Coal Geology & Exploration
Abstract
In view of the problem of low detection accuracy of room-pillar goafs in shallow coal seams in northern Shaanxi, the seismic physical model is designed for physical simulation according to the principle of similarity ratio of geometry size and wave impedance. Through a large number of ratio tests of similar materials, the ratio of epoxy resin and silicone rubber is determined as 1 : 1.2 for similar materials of low velocity loess layer, 1 : 0.2 : 0.6 for epoxy resin, silicone rubber and talc for mudstone, 1 : 0.4 for epoxy resin and silicone rubber for coal seams, 1 : 0.8 for epoxy resin and talc for argillaceous sandstone, and 1 : 1.2 for epoxy resin and talc for sandstone.
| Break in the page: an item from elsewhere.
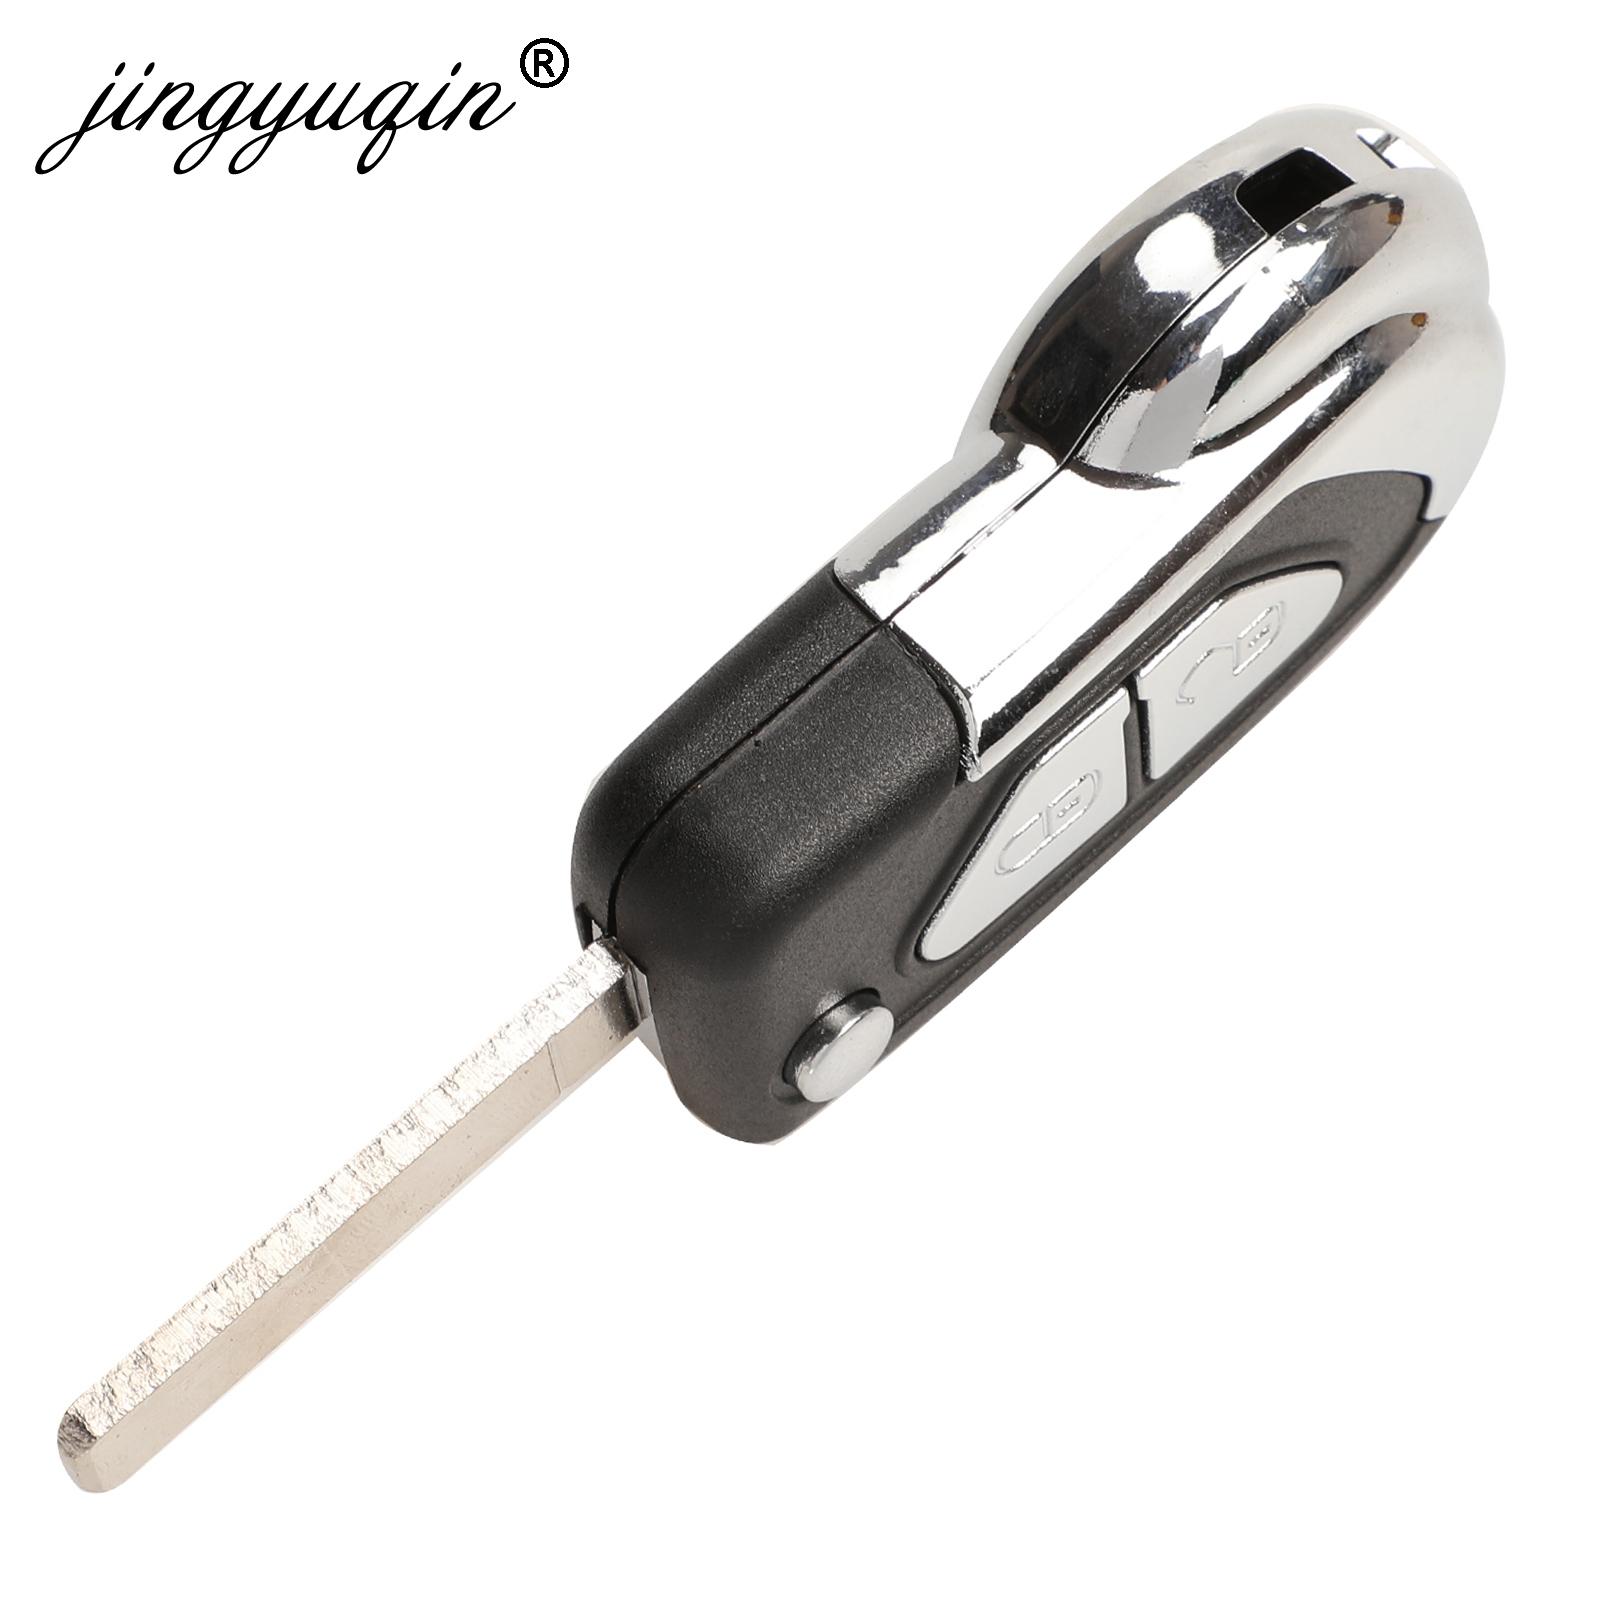 Изображение товара: Jingyuqin для Citroen DS3, 2 кнопки, Uncut VA2, чехол с лезвием для ключей, чехол с дистанционным управлением
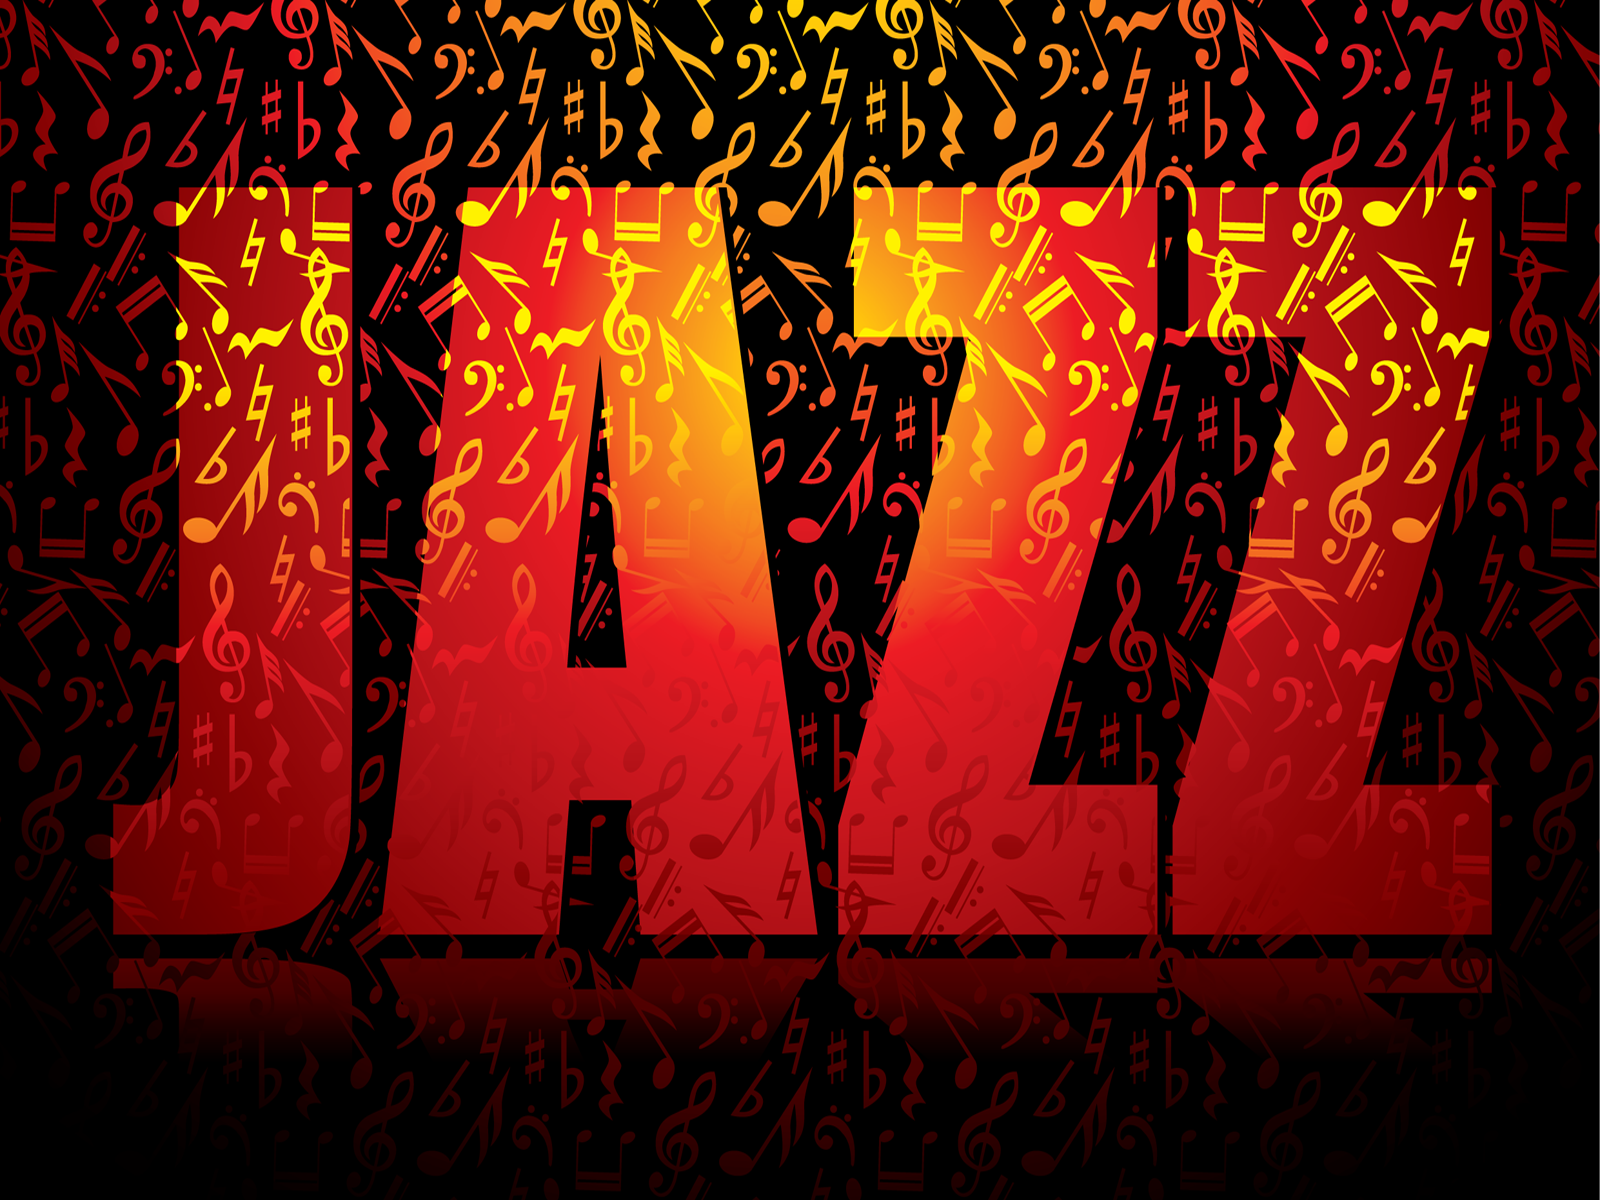 Paul Skerritt on Jazz Time

The numerical control engraving machine is used to carve the coal seam goaf and roadway to ensure high precision. By using the pouring method combined with the bonding method, the sandwich layer of goafs and coal seams is made to solve the problem of air model production in the goaf roadway, and the seismic physical model of the room-pillar goaf roadway is completed. The single-layer shape measurement accuracy of the physical model measures 0.2 mm, the speed relative error less than 5%, and the density absolute error ±0.3 g/cm3, which meets the design requirements of the model.
Keywords
room-pillar goaf, ratio of similar materials, seismic physical model, model construction
DOI
10.3969/j.issn.1001-1986.2021.06.012
Recommended Citation
WANG Pan, ZHU Shujie, JIA Qian,
et al.
(2021)
"Design and construction of a seismic physical model of room-pillar goafs in shallow coal seams,"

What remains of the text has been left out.